■ **Information supplied**:
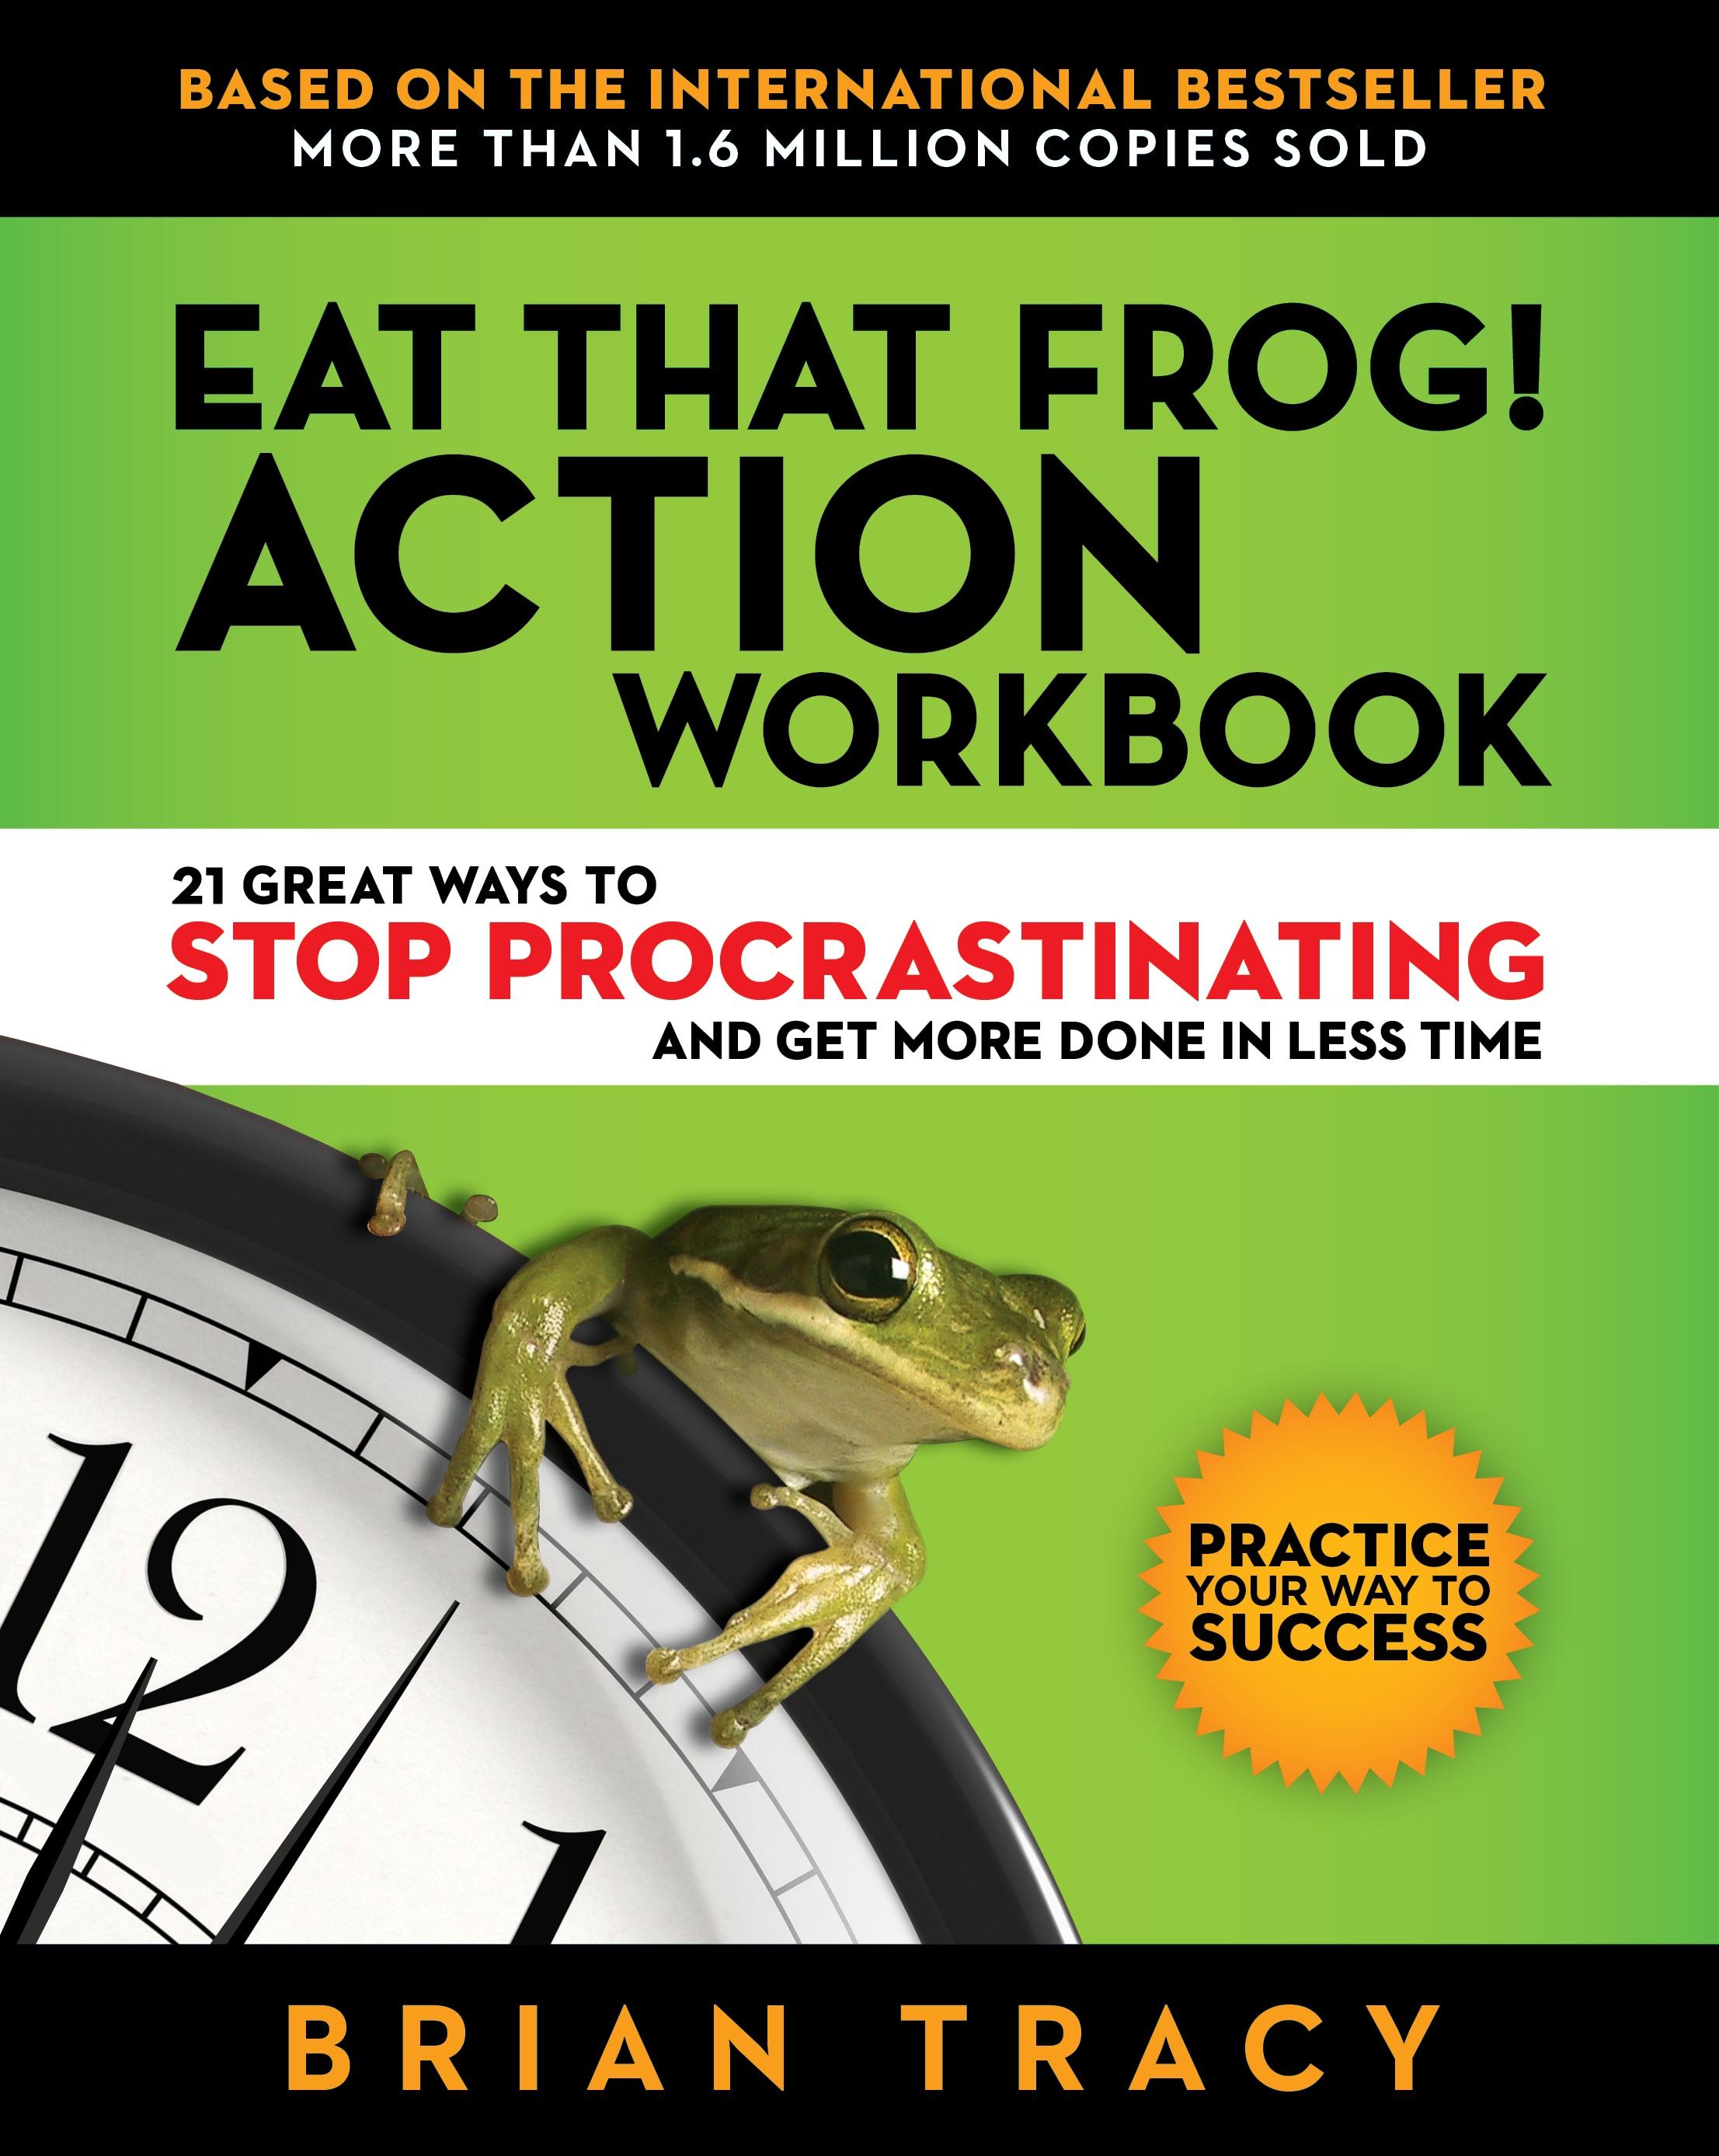 ETF Workbook Cover.jpg
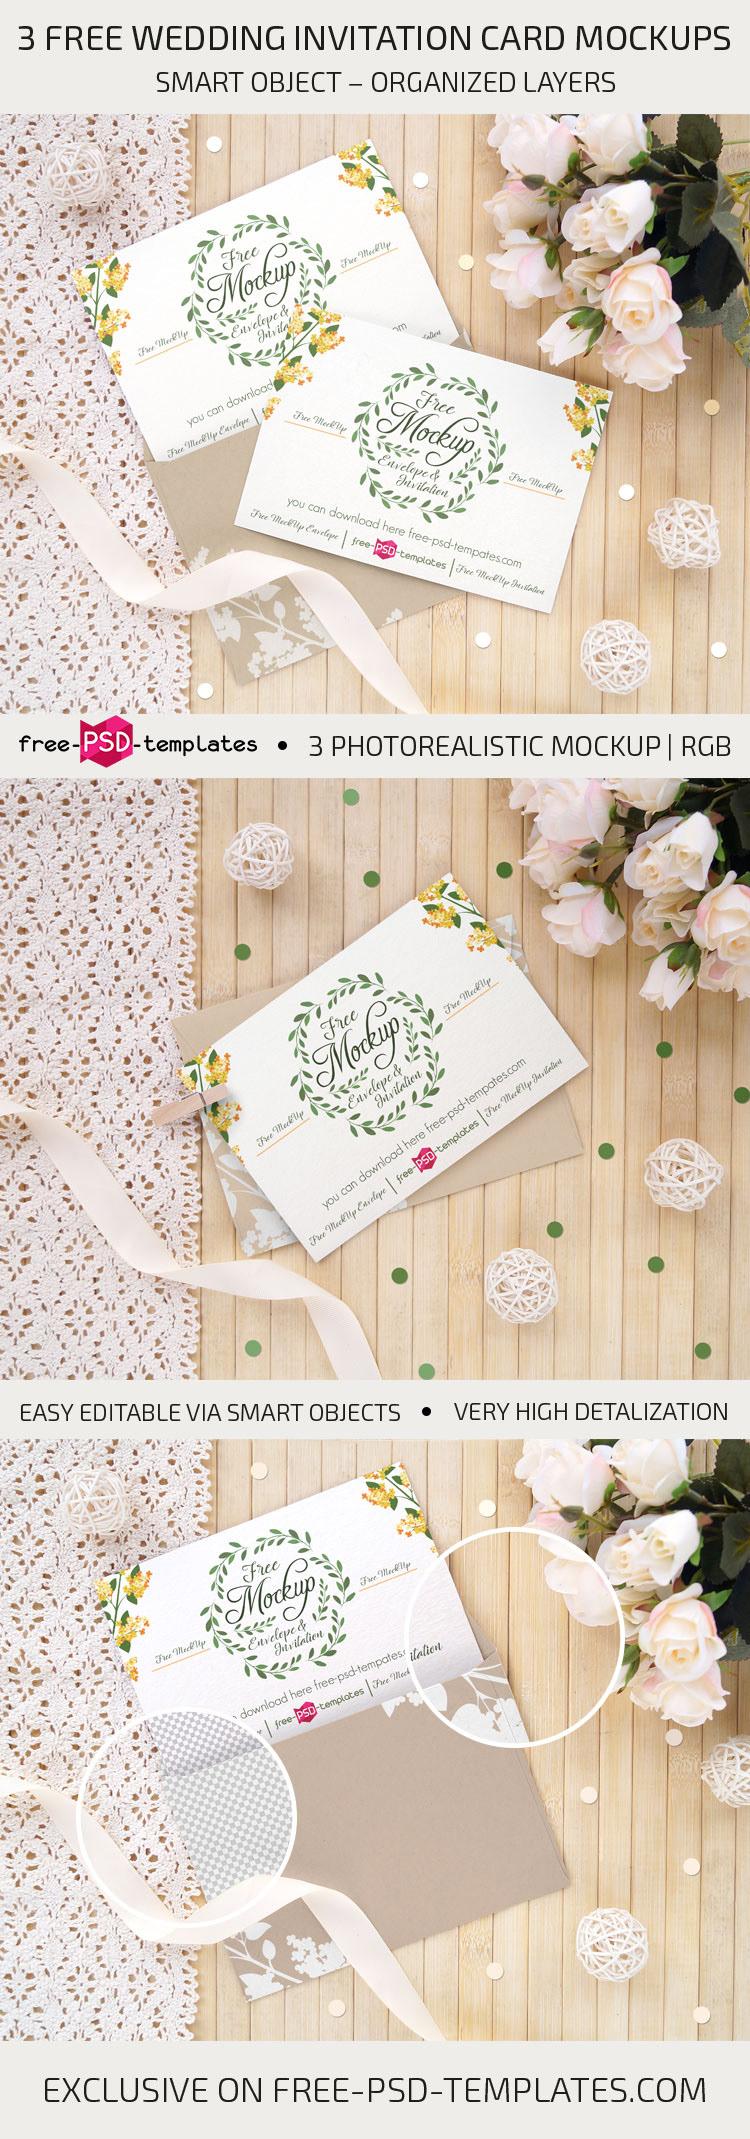 3 Free Wedding Invitation Card Mockups On Behance
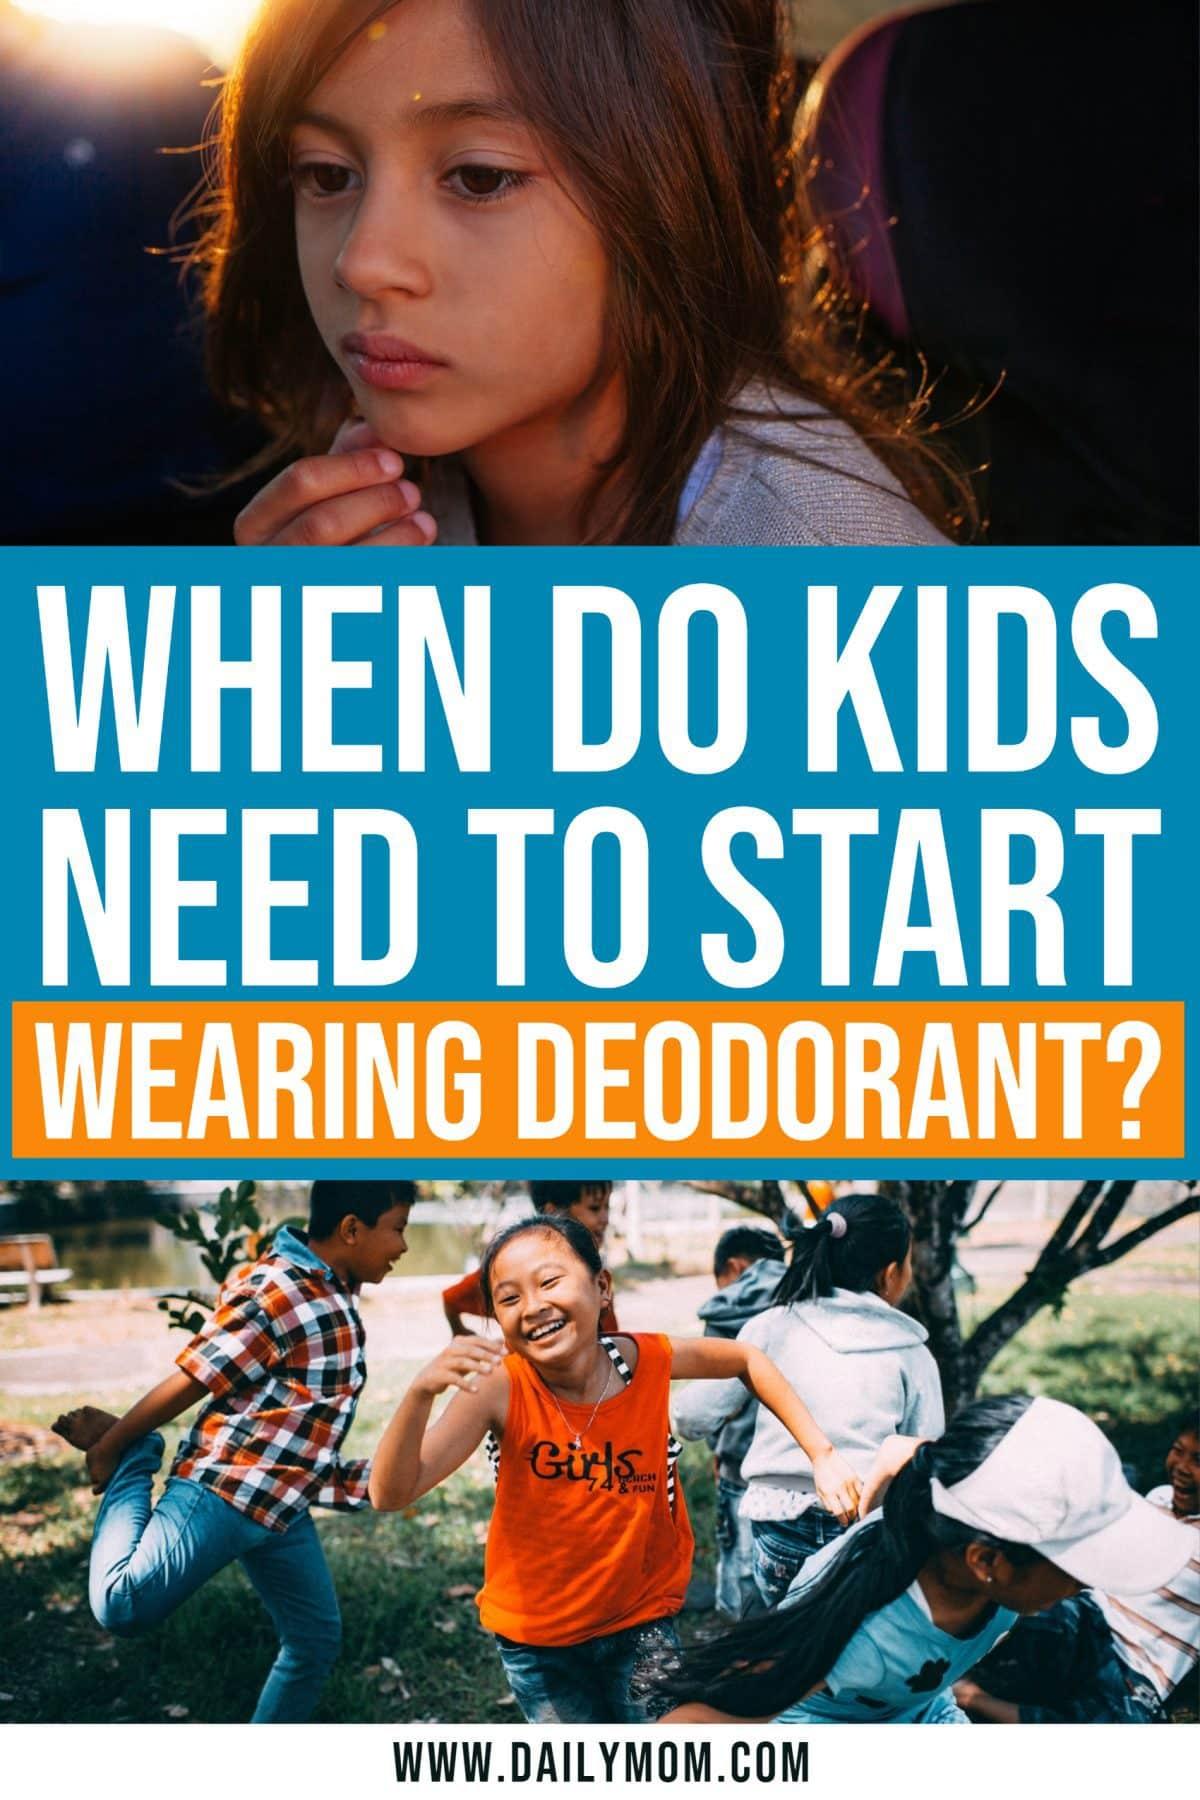 Kids And Deodorant

■ **Work instructions**: Before you return the listing, strip out its pictures; all else must match exactly.

■ **Output**:
 ETF Workbook Cover.jpg
 3 Free Wedding Invitation Card Mockups On Behance
 Kids And Deodorant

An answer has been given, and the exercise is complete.